Recent College Grad looking for Ideas on what to do with my degree.

You just restated what I said. Who gives a fuck if you defend the liberal arts, when they're so undervalued it's 100% dependent on internship experience, more so than anything else? The OP hasn't even said he has work experience. Considering that's something even most of our parents didn't stress or understand, I doubt it. And now, despite being perfectly suited to at least a basic desk job, s/he's in trouble.

I don't know a single history, poli sci, etc. person who was not literally given a job by a friend, their mom's boyfriend, someone who liked them at their first shitty desk job related to their major, and it was in something corporate or possibly in start-ups, like writing for copy. You don't need a plan if you are in the liberal arts. You need someone to literally give you a job, hand it to you. So why bother with the liberal arts at all?

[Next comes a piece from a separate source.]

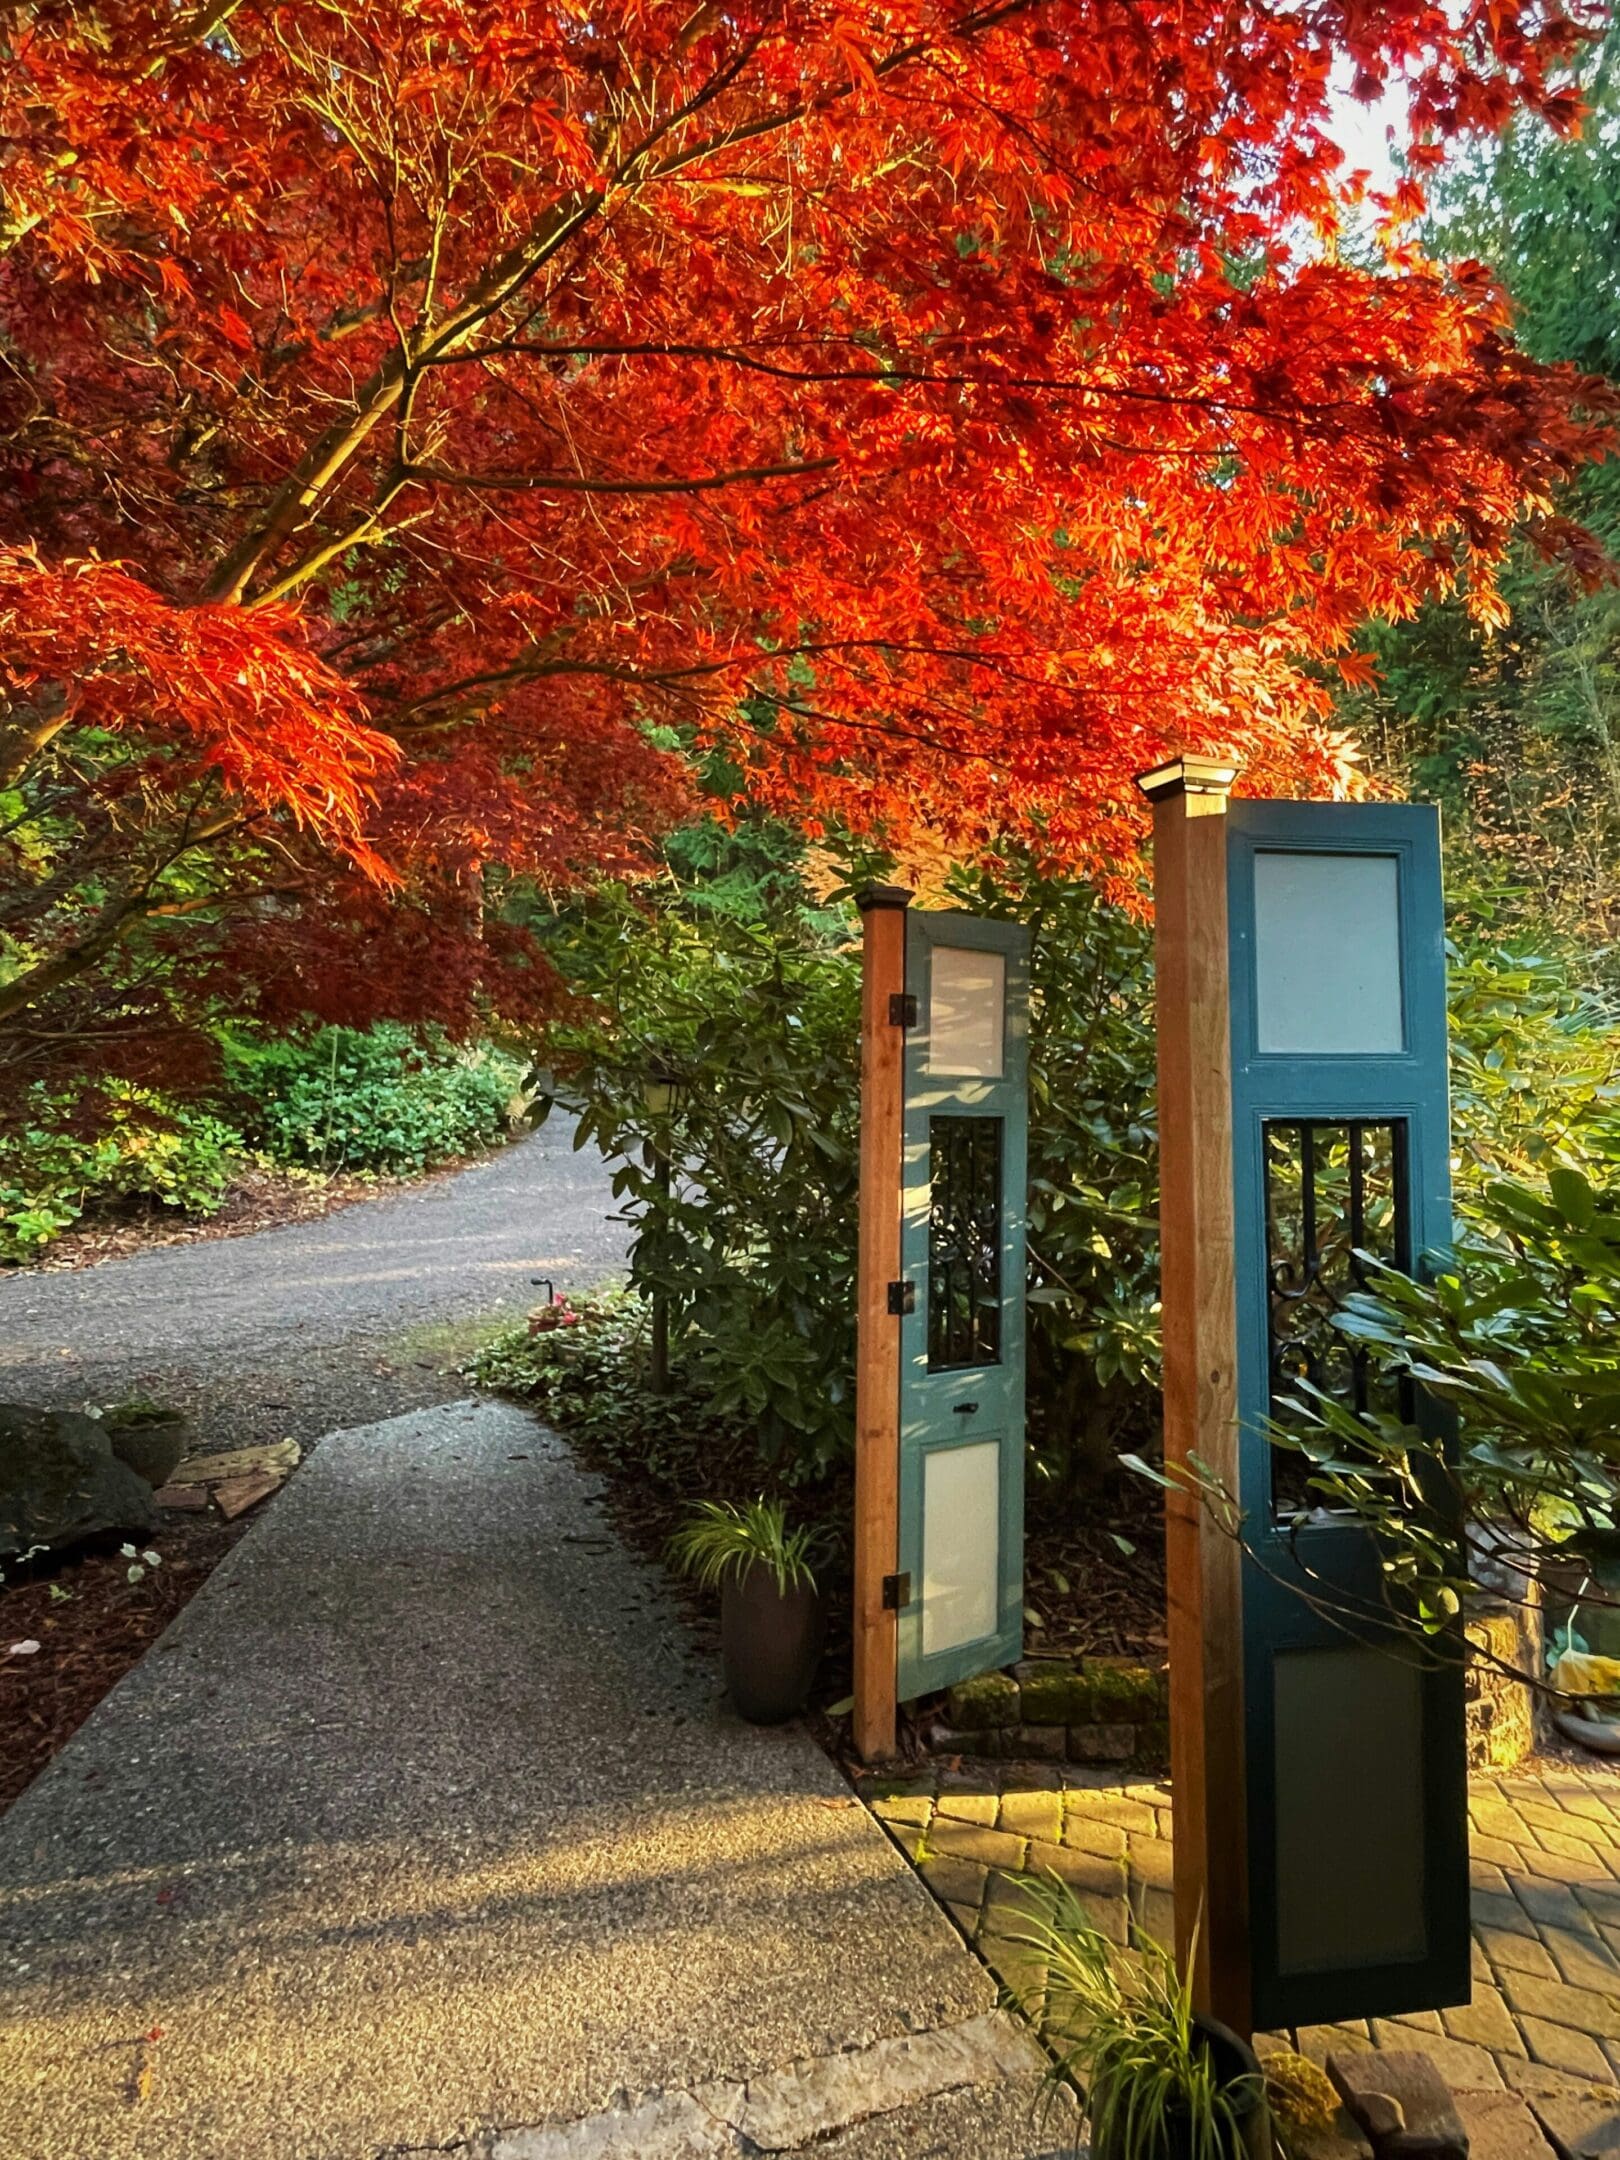 A tree with red leaves is next to a sidewalk.

"Otherwise you're one of thousands of kids with a history degree they got because history is cool, who are going to be really hard to employ, because no one is hiring down at the history plant." I wasn't educated to do that. Were you? If so, more power to you, a shitload of high school kids chose the major that they enjoyed, not anticipating they will be passed over for shitty receptionist jobs that don't require a bachelor's.

You are 100% as contemptuous of them with your bullshit "because it's cool idea". An 18 year old chooses a major because they've never been taught how to get a fucking job in the real world, the "skills" that apply to high paying jobs, and how to pursue labor, then frame it. It's not that kid's fault their degree is treated like toilet paper.

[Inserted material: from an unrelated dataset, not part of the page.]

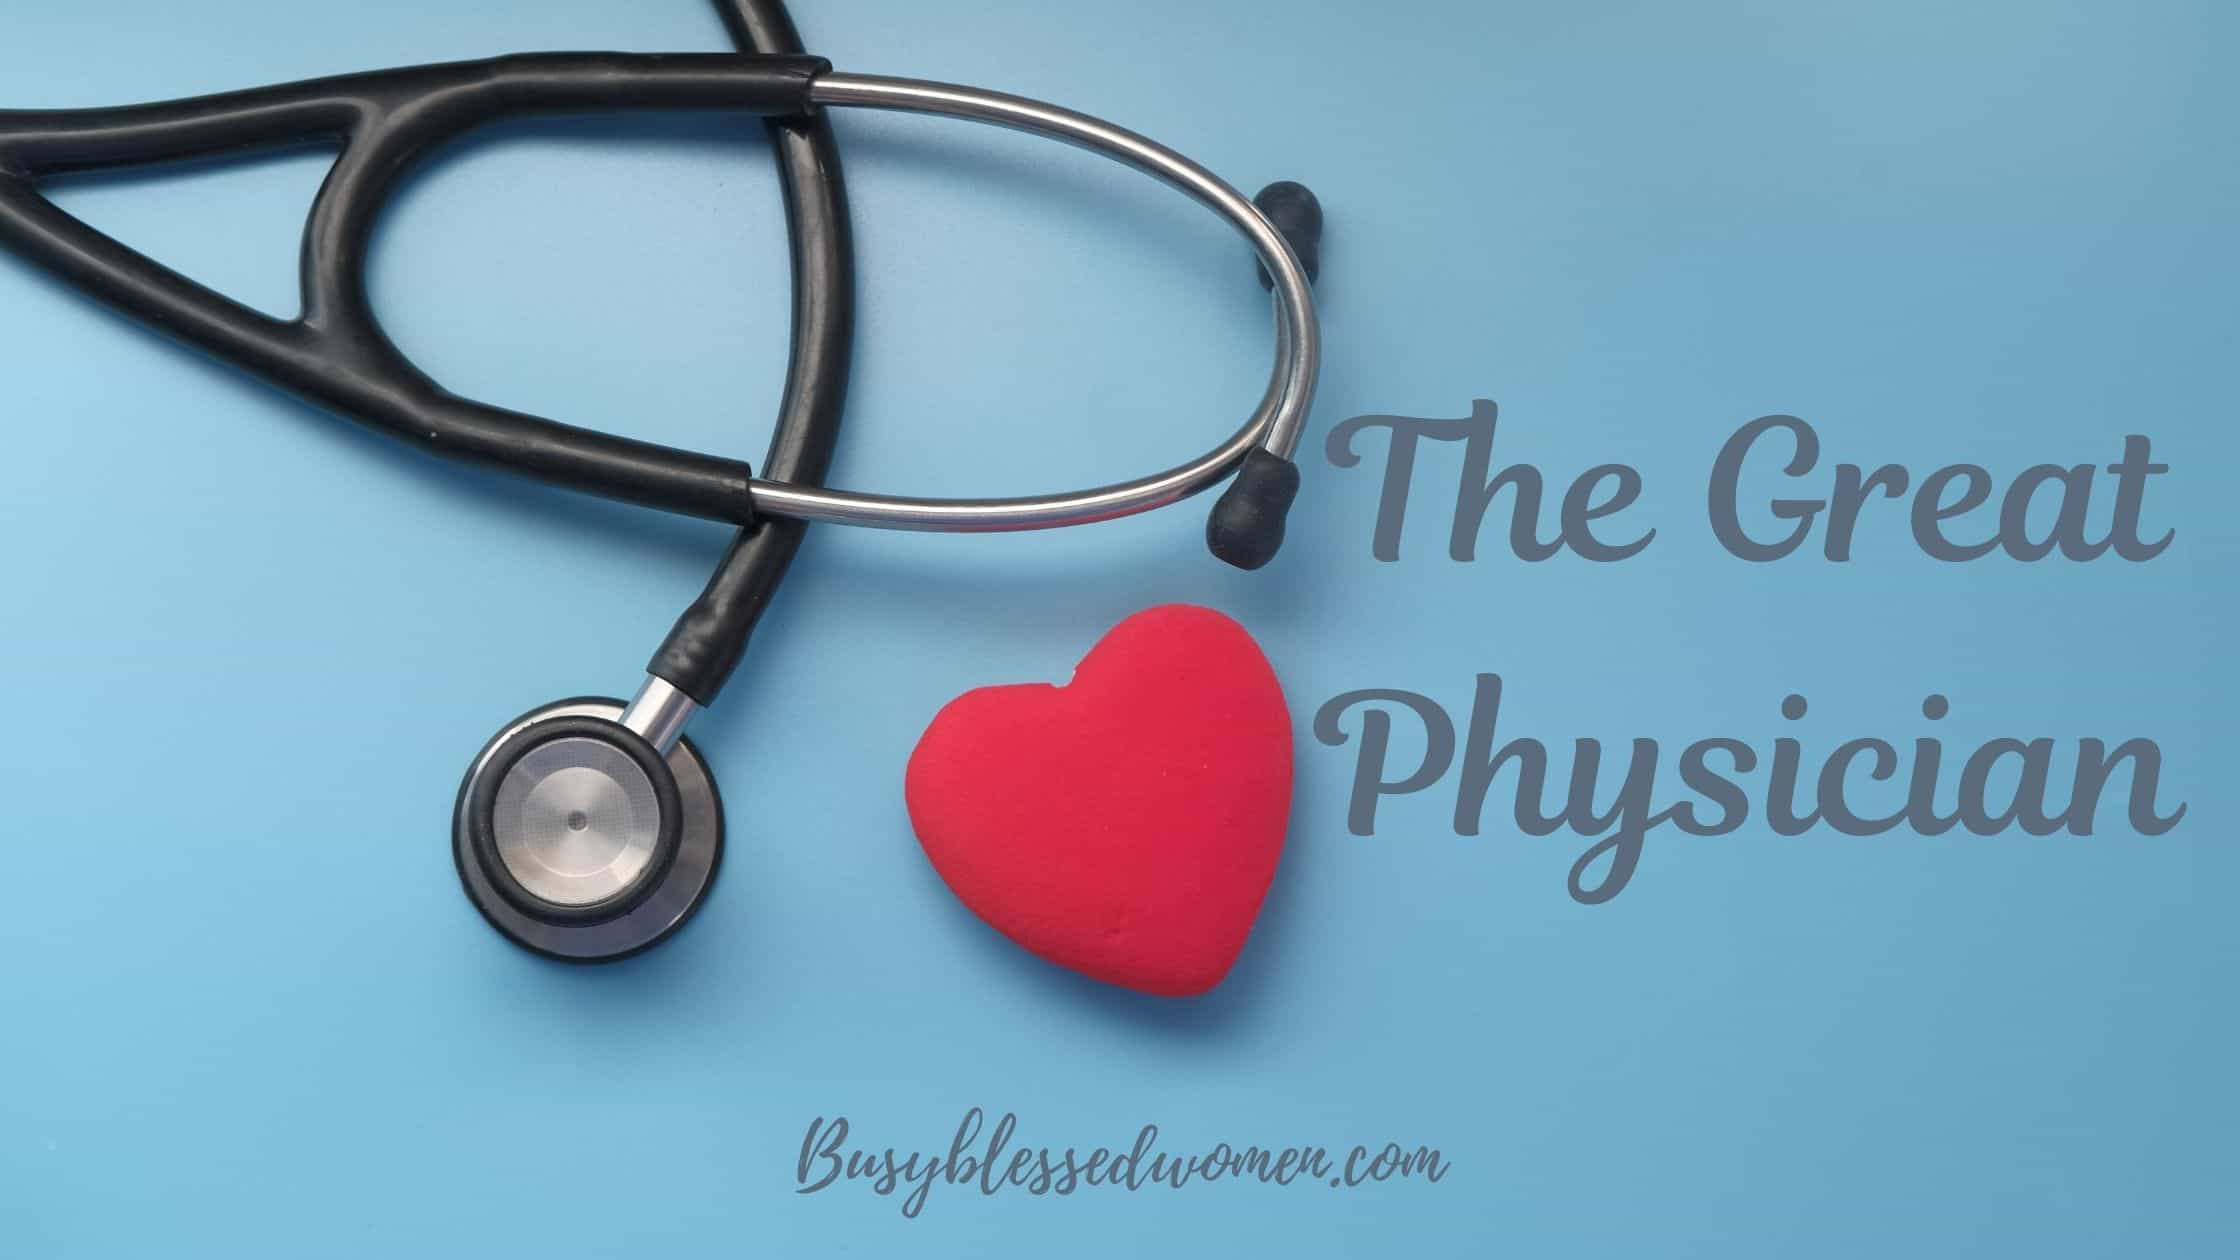 The Great Physician- black stethoscope on light blue background with small red heart

I loved my degree. It was valued by no one, including not for profits who supported causes I studied. Every job opening was senior and I was depressed/had no adult guidance during college itself, so I didn't pursue the internships that would have at least gotten me job experience when it was age appropriate. I also changed careers after going to grad school/teaching, while attending, so that was destructive. I would have settled for a desk job answering phones, not a dream one.

Every art history major I know now is working for a media group or start-up. The history majors? In not for profit development working for city government (there, OP, pursue an internship in municipal government, at least that's a start). But they started in piddling jobs that were simply platforms into networking for those jobs.

You haven't even suggested an actual paying job the OP could do, so really - so really what in God's name are you going on about? What 18 year old do you know with a "plan" about how to get a job with a history degree?